Assim, a referência não é a construção, mas a reunião dos crentes. A
dificuldade consisti em conhecer, se esses presbíteros de 5:14 são escolhidos, sinônimos
ao período de At.20 ou das cartas paulinas. Provavelmente,
sejam eles líderes espirituais da comunidade, presbíteros na sinagoga judaica
do segundo templo (VARNER. The
Book of James – A New Perspective A Linguistic Commentary Applying Discourse
Analysis, 2010, pp.190,191).
Pelos considerandos argumentativos citados, parece que a questão da passagem está fundamentada na
oração. Por esta razão, não temos informações exaustivas sobre ... ἀλείψαντες
[αὐτὸν] ἐλαίῳ ἐν τῷ ὀνόματι τοῦ κυρίου, dificultando
sua contextualização. Osborne pensa nas normas culturais e supraculturais
(normativo) da Escritura (decisão complexa), de maneira que o segundo é
determinado pela extensão do princípio teológico subjacente, dominando a
aplicação de superfície (em Tg.5:13-18 a
oração). Assim, o autor depende do ensino tradicional, definido numa questão
específica (OSBONE. Espiral Hermenêutica, 2009, pp.548-550). Por causa das limitadas informações, por causa da
subserviência desta questão, a absolutização de alguma abordagem
(medicinal, sacramental e outros) funciona numa constante falsealidade (VARNER.
The Book of
James – A New Perspe\ctive A Linguistic Commentary Applying Discourse Analysis, 2010, pp.190,191).
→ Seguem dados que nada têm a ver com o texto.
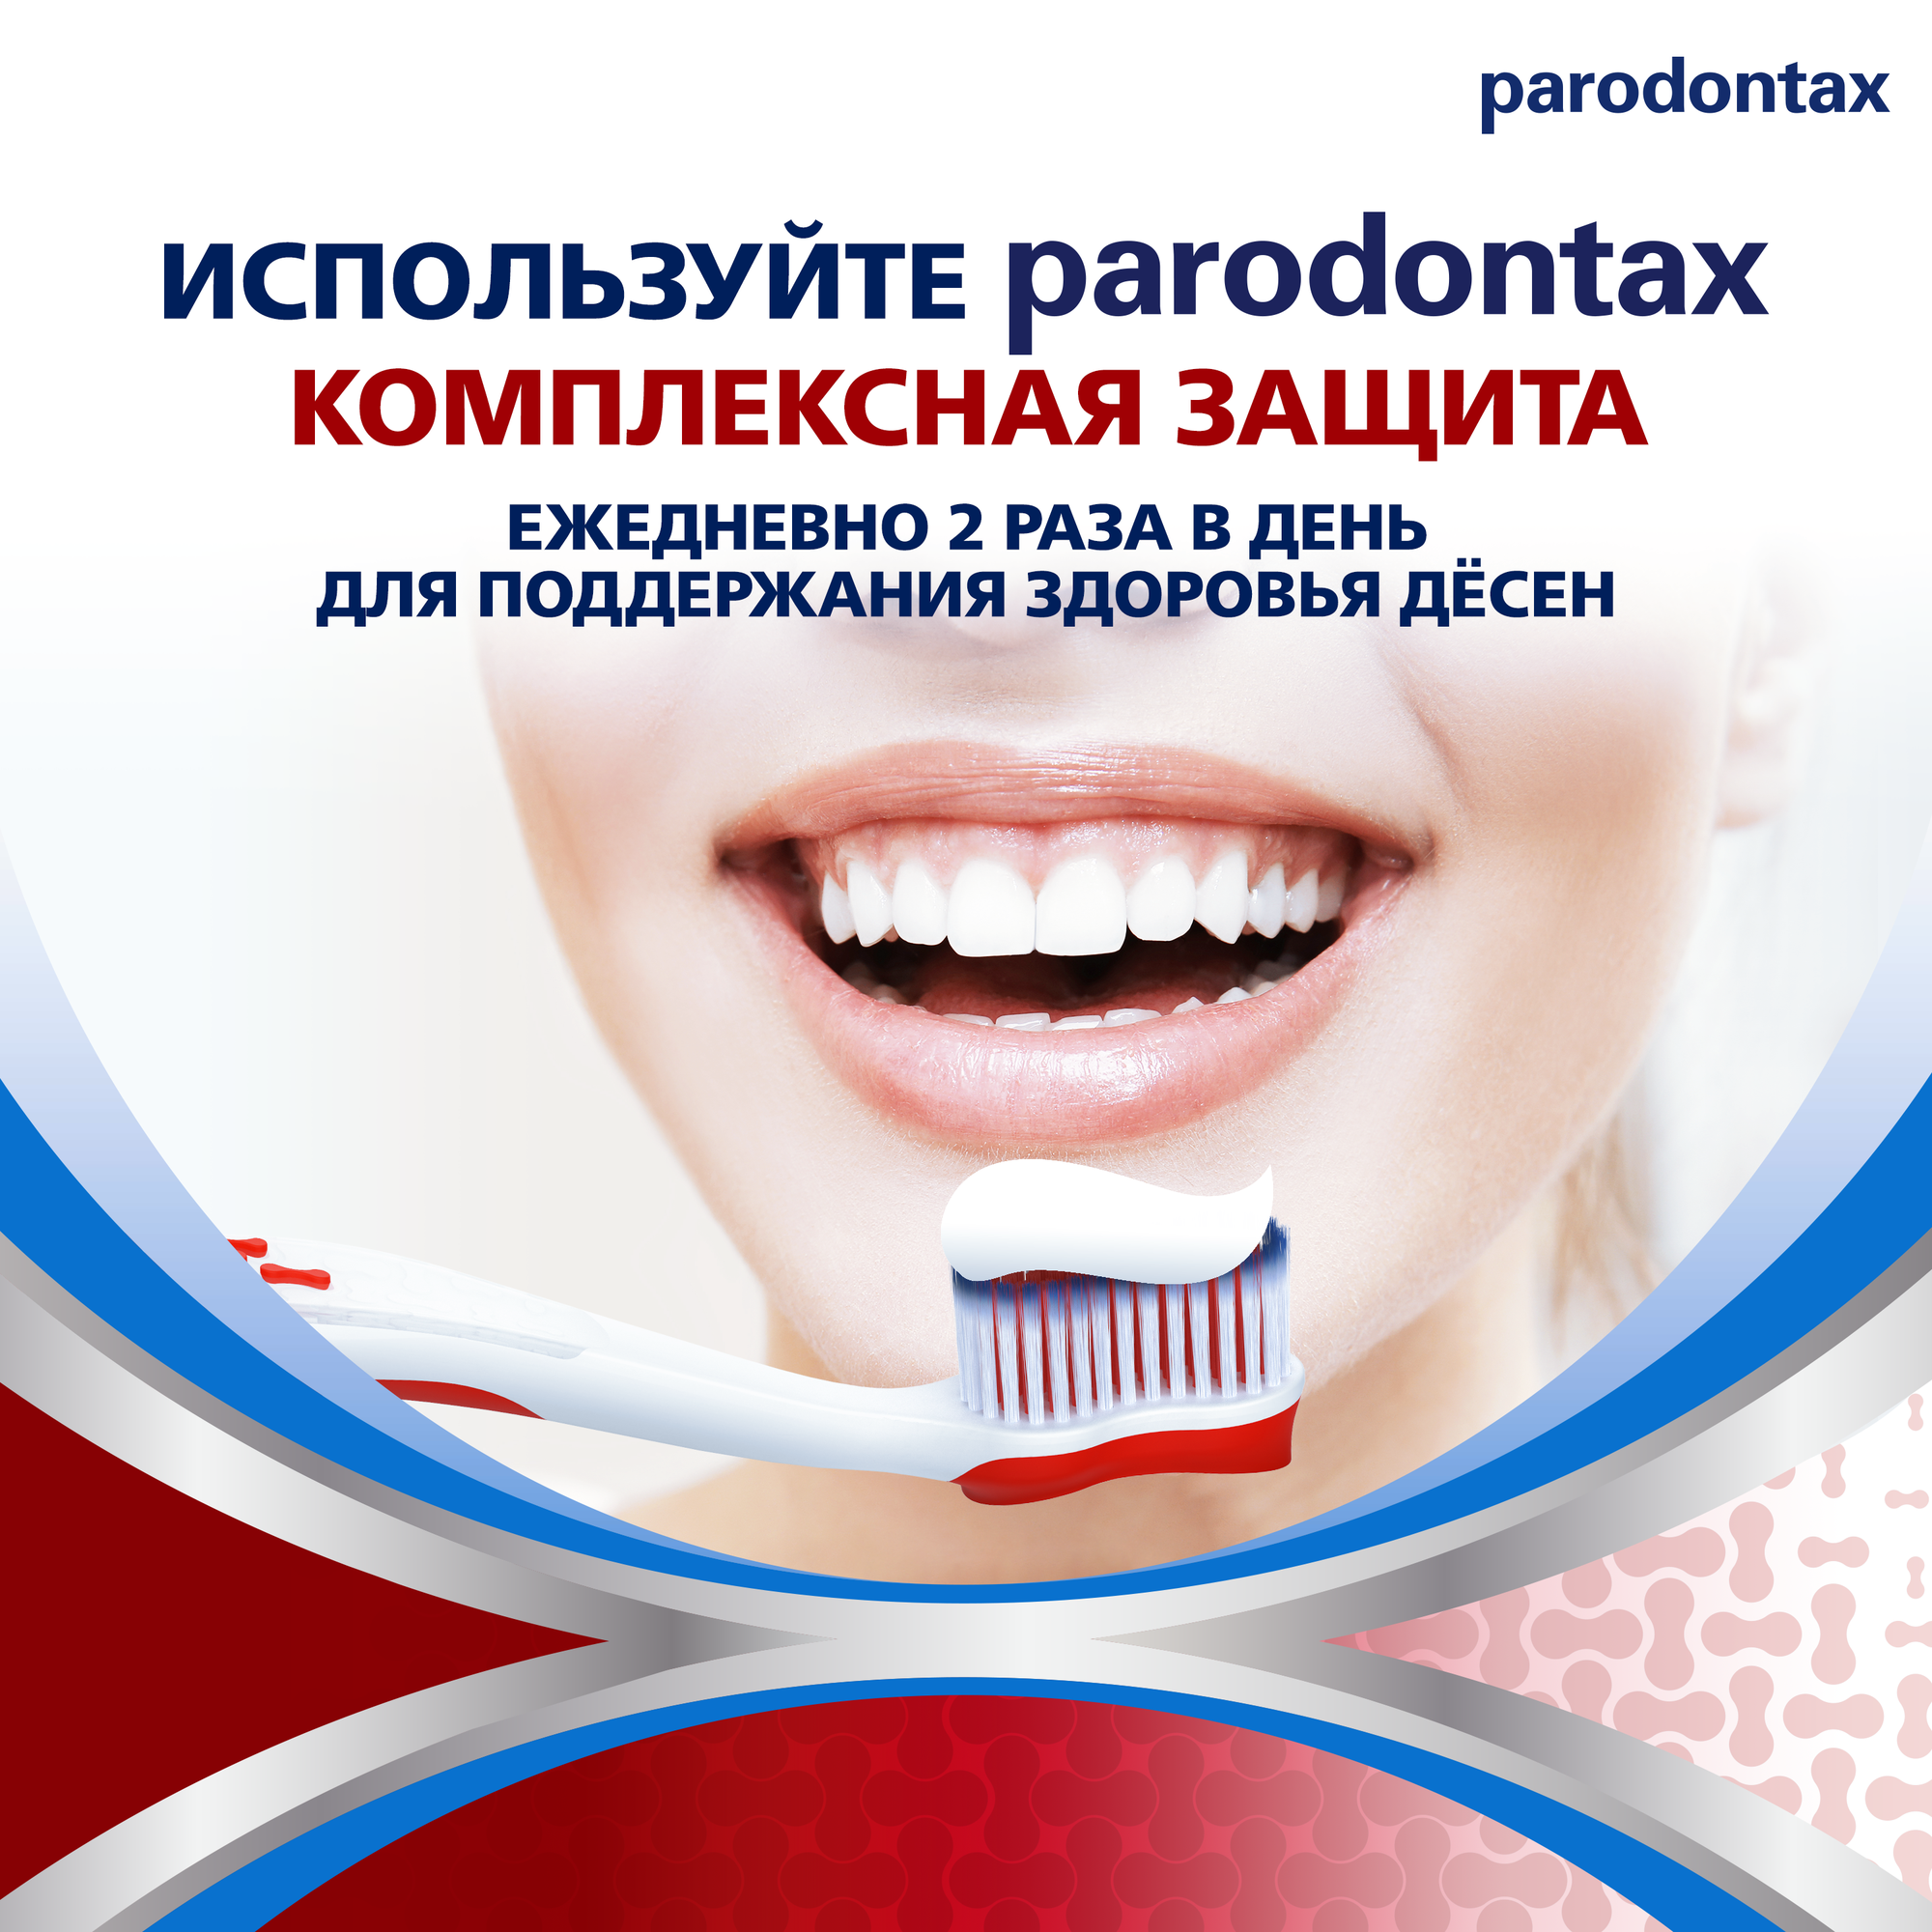 Зубная паста parodontax Комплексная Защита, для удаления зубного налета, укрепления зубов, поддержания здоровья десен, с фтором, 75мл*2шт

Nesta resumida jornada investigativa observamos alguns elementos fundantes para a argumentação em voga. Inicialmente pela sintaxe grega, a qual nos serviu como porta de entrada no texto. Nossa estruturação de 5:14 passou pelas orações com suas constituições que envolvem a situação e os imperativos. Posteriormente a luz do co-texto trabalhamos a delimitação e ligação do textos com os outros, principalmente pelo verbo “orar” e substantivo “oração”. Desta forma, parágrafo/seção foram pensadas e identificadas. Isso passou também pelo contexto histórico com seus postulados culturais fundamentais. Finalmente, os conceitos analisados nos fizeram entender que “ungir com óleo” nesta passagem é algo secundário somente e cultural. Por esta razão, o viés supracultural nesta passagem é a oração, o imperativo teológico para todos os tempos.